→ **Work required**: Instruction for the entries that follow: retype exactly the lines from the line with "PRESIDENCIA De conformidad" to the line with "1994 Audi Coupe 2.6E - Image 6 of 20", both included, and omit all others.

→ **Record excerpts**:
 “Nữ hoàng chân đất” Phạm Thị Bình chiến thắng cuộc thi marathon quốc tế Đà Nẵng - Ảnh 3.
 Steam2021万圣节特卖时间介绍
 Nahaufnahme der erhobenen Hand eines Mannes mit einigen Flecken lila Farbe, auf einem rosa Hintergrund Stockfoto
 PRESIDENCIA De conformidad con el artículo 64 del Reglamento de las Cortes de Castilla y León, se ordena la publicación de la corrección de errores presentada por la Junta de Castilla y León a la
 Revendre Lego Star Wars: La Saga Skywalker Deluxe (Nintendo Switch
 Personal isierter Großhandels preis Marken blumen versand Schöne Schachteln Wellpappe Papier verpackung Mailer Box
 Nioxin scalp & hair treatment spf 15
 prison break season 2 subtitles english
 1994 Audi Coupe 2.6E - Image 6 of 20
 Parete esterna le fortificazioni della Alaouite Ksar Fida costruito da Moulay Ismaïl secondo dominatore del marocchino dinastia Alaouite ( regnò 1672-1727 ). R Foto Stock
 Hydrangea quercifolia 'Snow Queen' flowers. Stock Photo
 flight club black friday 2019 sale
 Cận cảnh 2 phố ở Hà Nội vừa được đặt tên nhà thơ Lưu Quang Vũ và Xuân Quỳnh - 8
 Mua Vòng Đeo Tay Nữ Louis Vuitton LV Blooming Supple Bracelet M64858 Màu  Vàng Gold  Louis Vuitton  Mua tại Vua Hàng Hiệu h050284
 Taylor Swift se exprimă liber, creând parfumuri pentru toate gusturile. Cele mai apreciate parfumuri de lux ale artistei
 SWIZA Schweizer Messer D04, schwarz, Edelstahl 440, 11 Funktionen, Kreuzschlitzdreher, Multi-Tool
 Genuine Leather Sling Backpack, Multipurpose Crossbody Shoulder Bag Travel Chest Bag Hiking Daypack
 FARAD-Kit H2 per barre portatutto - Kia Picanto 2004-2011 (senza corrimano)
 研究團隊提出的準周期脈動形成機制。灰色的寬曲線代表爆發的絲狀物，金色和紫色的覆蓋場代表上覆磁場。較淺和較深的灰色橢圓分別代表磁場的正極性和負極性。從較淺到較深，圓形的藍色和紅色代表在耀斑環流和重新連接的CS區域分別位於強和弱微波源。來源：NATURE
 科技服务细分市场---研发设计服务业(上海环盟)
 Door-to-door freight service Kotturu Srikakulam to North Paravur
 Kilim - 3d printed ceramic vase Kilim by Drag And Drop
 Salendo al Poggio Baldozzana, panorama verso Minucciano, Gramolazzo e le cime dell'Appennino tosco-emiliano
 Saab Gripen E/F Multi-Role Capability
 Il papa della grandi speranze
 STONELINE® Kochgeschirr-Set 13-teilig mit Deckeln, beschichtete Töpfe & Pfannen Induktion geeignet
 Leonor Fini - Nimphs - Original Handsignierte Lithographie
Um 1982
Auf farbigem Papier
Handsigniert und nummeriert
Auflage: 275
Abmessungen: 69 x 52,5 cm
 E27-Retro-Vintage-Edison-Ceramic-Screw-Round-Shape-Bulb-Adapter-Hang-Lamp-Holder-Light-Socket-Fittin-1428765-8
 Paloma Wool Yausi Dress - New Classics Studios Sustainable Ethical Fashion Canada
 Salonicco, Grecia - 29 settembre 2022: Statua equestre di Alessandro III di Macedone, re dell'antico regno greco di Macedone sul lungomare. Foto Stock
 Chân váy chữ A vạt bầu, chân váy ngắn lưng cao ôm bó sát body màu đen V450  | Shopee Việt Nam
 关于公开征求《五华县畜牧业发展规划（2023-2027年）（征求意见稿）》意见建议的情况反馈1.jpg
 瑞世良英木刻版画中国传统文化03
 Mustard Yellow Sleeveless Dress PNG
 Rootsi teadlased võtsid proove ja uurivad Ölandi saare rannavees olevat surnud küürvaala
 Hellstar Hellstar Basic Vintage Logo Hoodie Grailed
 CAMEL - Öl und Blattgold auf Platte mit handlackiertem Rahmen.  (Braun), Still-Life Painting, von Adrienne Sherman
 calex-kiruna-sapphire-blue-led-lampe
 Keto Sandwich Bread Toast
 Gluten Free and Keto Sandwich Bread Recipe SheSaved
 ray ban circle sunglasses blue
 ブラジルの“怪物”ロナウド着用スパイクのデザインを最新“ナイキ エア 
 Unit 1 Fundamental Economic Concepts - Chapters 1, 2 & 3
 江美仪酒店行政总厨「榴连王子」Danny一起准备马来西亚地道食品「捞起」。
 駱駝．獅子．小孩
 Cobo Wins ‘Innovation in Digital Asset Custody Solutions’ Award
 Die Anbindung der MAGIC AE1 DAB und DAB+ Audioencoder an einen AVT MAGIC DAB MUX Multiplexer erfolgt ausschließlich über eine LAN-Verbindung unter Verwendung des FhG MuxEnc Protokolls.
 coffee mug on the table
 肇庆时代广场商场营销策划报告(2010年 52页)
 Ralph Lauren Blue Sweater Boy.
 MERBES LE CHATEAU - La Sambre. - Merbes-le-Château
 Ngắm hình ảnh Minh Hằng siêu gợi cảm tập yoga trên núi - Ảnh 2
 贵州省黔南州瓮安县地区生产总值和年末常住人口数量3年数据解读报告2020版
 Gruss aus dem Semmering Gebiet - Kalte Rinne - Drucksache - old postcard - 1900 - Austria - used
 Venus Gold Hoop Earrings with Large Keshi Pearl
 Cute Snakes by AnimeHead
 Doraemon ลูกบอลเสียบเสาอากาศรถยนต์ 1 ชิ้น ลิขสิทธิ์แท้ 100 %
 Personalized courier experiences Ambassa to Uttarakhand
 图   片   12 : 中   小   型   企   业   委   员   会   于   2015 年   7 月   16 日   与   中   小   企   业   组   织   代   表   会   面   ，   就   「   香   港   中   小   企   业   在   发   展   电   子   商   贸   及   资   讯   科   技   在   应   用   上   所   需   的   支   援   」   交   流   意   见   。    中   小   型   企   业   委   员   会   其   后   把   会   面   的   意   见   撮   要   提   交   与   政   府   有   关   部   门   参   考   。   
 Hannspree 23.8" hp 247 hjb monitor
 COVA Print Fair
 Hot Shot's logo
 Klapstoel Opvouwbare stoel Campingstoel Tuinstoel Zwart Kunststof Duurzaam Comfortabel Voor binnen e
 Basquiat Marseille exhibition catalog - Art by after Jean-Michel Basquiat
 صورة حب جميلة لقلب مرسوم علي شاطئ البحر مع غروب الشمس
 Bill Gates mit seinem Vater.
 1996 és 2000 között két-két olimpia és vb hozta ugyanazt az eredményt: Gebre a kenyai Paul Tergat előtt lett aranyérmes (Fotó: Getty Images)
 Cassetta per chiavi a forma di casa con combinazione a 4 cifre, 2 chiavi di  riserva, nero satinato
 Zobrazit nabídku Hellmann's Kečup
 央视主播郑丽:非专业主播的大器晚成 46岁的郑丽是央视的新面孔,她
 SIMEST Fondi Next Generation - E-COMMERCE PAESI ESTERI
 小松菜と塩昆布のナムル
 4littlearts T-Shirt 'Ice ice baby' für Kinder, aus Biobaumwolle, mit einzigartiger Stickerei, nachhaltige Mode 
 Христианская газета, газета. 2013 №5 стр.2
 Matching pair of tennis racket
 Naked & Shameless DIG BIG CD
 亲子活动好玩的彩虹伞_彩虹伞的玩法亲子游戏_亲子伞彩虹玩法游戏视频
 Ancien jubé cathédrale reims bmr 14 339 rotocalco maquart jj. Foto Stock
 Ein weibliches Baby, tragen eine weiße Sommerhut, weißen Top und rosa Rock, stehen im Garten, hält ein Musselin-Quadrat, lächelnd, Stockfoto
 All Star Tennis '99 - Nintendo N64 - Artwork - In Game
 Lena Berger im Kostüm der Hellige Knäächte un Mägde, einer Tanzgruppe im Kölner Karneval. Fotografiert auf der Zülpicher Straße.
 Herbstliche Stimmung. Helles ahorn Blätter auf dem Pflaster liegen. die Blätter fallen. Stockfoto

→ **Result**:
 PRESIDENCIA De conformidad con el artículo 64 del Reglamento de las Cortes de Castilla y León, se ordena la publicación de la corrección de errores presentada por la Junta de Castilla y León a la
 Revendre Lego Star Wars: La Saga Skywalker Deluxe (Nintendo Switch
 Personal isierter Großhandels preis Marken blumen versand Schöne Schachteln Wellpappe Papier verpackung Mailer Box
 Nioxin scalp & hair treatment spf 15
 prison break season 2 subtitles english
 1994 Audi Coupe 2.6E - Image 6 of 20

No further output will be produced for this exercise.